Black Box Files: How Does Inspirobot Do Its Thing? (Generative Systems)
A couple days ago, I introduced you to Inspirobot, an AI designed to create creepy "inspirational" posters. Today, I'm going to try to figure out exactly how it operates.
While we are well past the point of coding everything, the vast majority of machine learning is still at the stage where humans still have to carefully craft what the machine is to learn. Inspirobot is surely not just the result of throwing a random "deep learning" network against a collection of motivational quotations with a lot of computational power behind it. The less structure that a system has to work within and the less head-start that a system has, the more resources (data, computational power and time) it takes to learn.
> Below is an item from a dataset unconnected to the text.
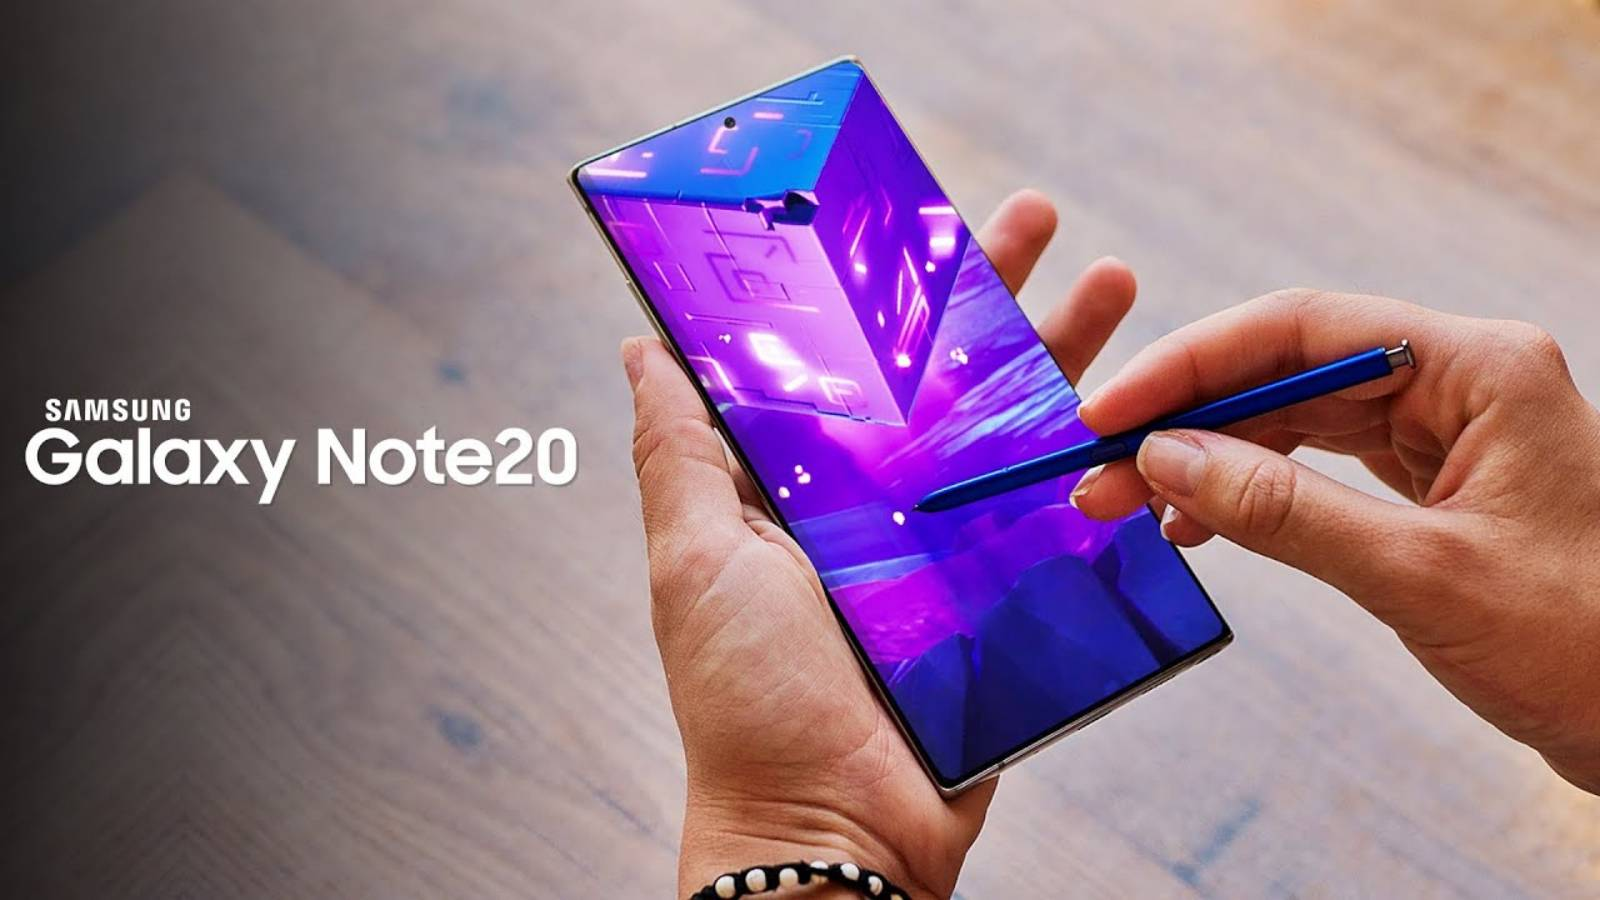 Samsung GALAXY Note 20 ULTRA premium
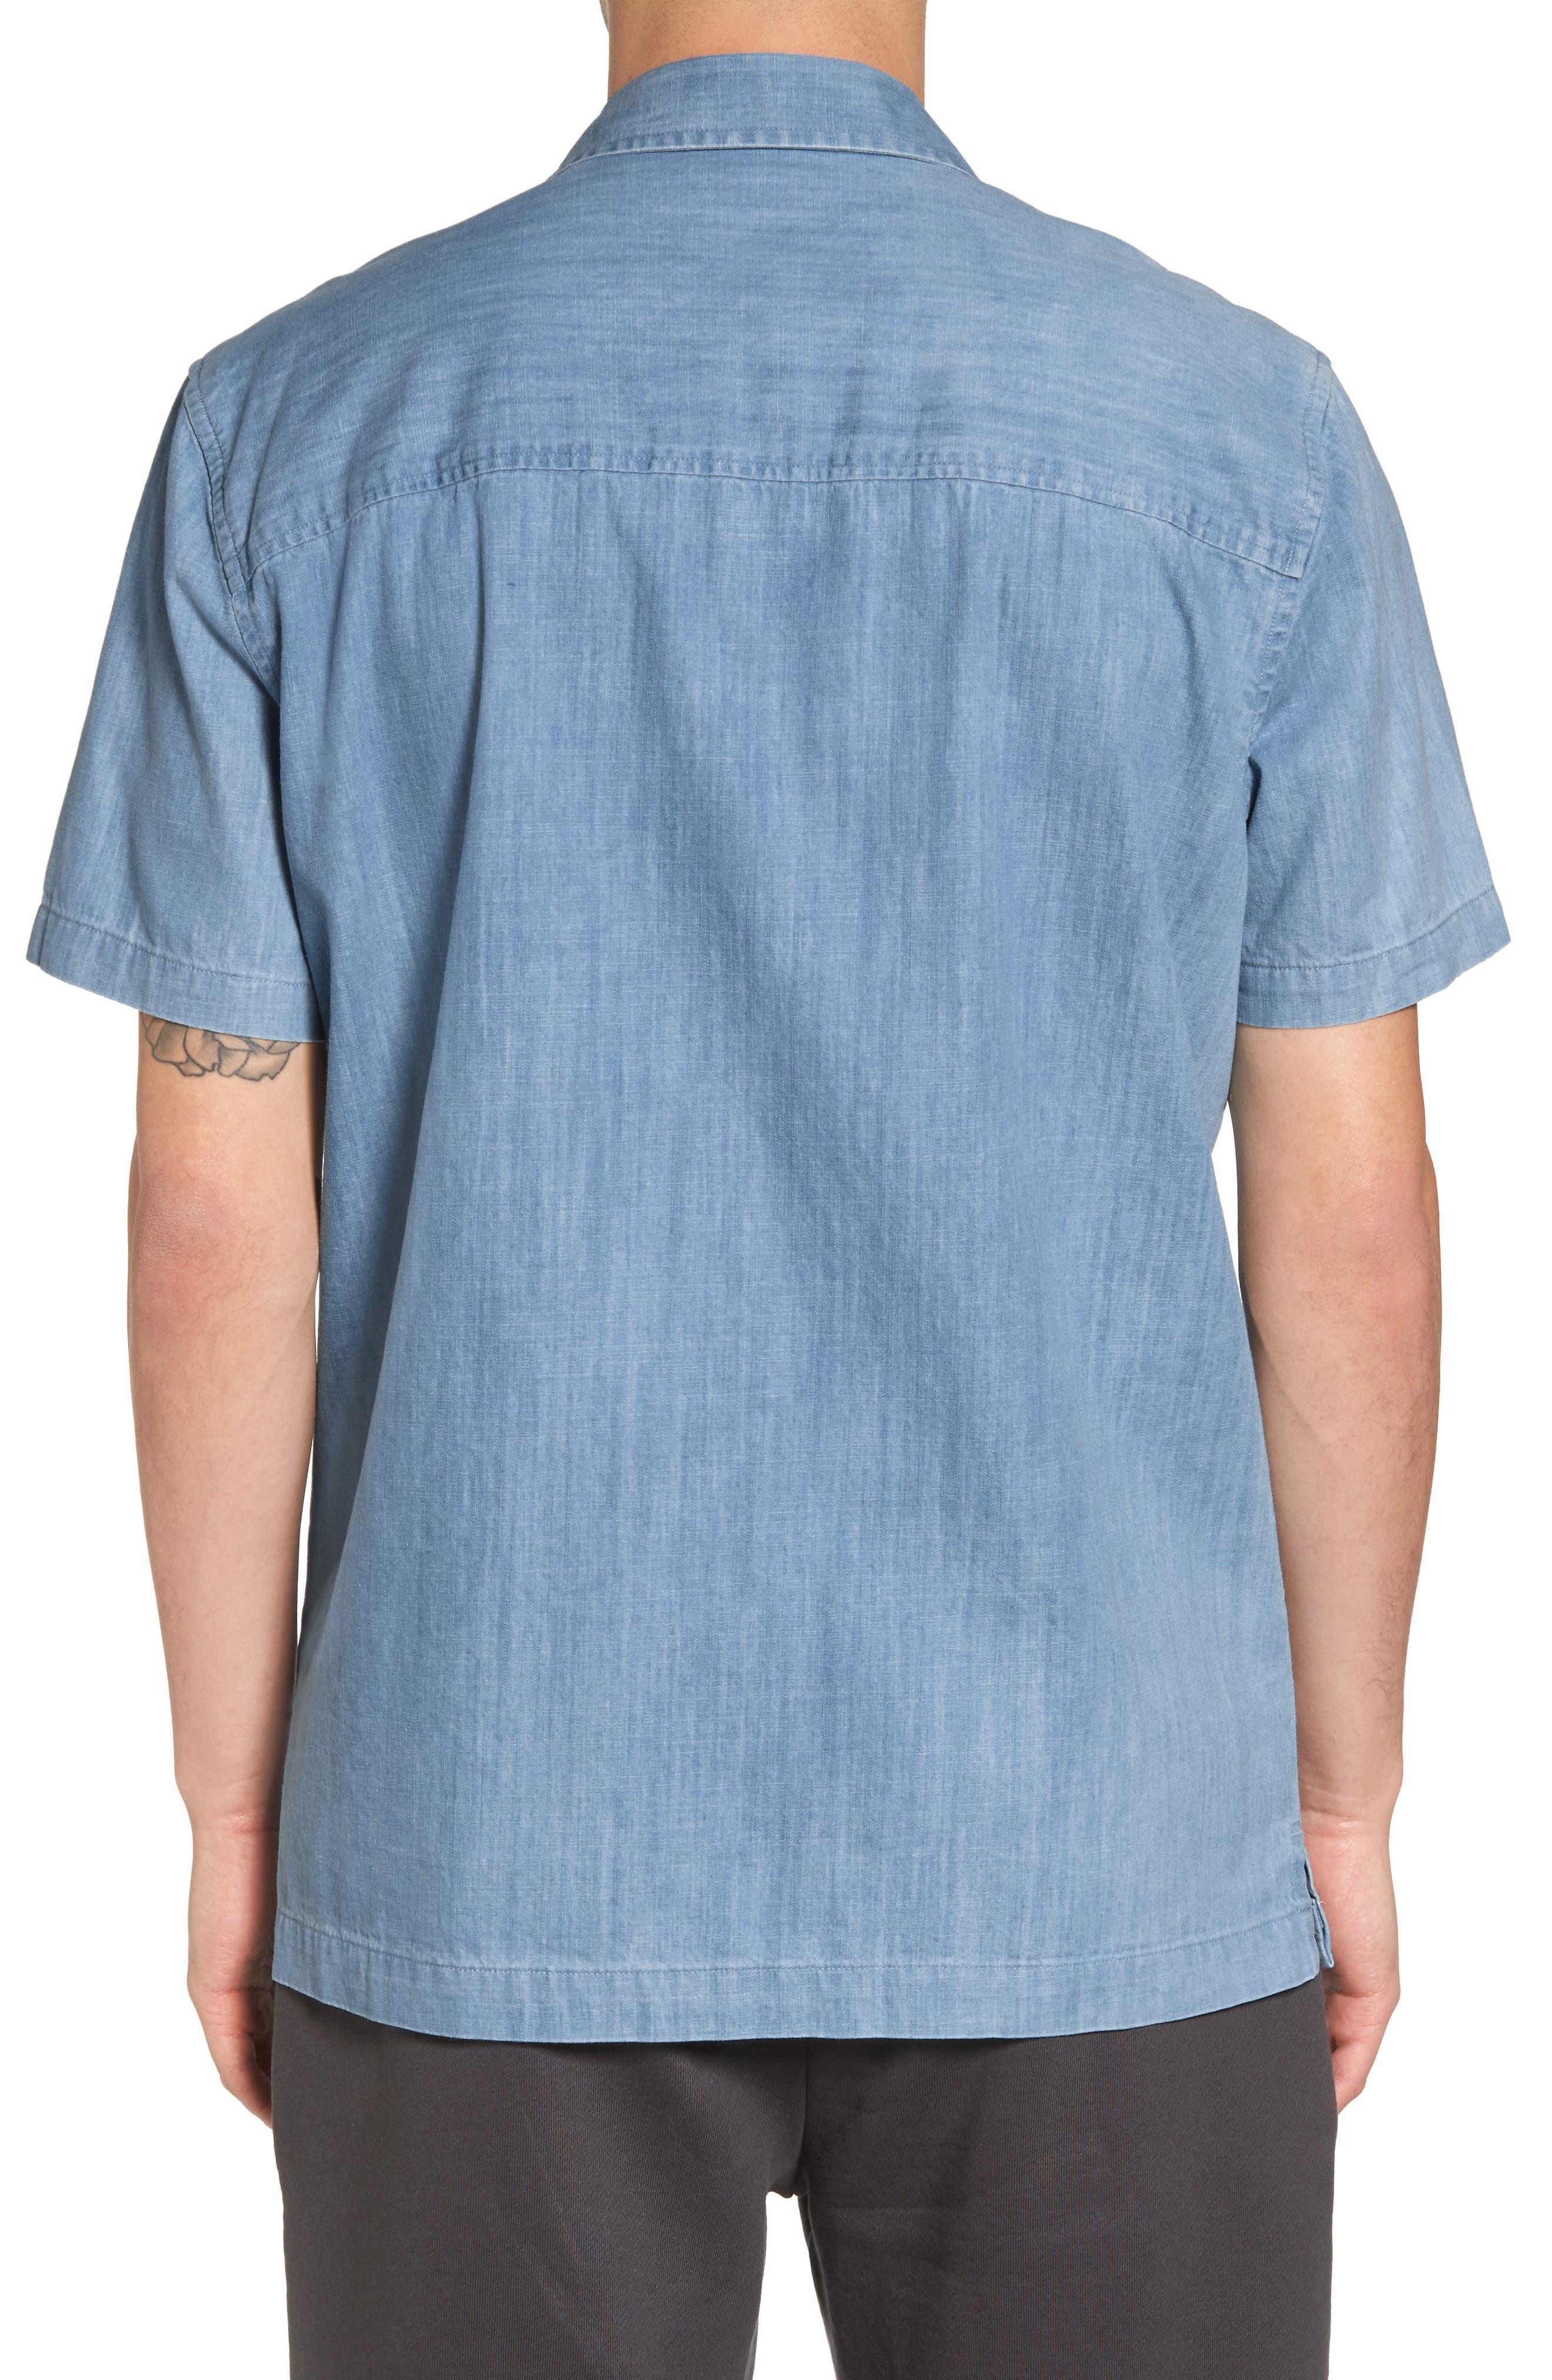 Nevin Short Sleeve Denim Shirt,                             Alternate thumbnail 2, color,                             Polar Blue

Inspirobot is a "generative" system. It has learned the basic rules behind motivational quotes and how to "fill in the blanks" -- and, since the materials for filling in the blanks is unreasonably large, it will rarely repeat itself (and almost never do so exactly). On the other hand, by examining enough Inspirobot phrases, we can recognize the general structure that Inspirobot learned by its regularities and repetitions -- both exact and generalized -- and then tease out how it was taught.
As we should expect, Inspirobot demonstrates regularity at multiple levels. First, Inspirobot clearly works at the phrase level rather than the level of individual words. For example, both of the following have the general high-level
structure of <strive-to><result><time/occasion> with the phrasing of the <result> and, to a lesser extent, the <strive-to> being nearly identical.
Another set of examples still with the same <strive-to><result><time/occasion> structure is the following:
In the last case, the occasion of <today> or <soon> is implied rather than actually present.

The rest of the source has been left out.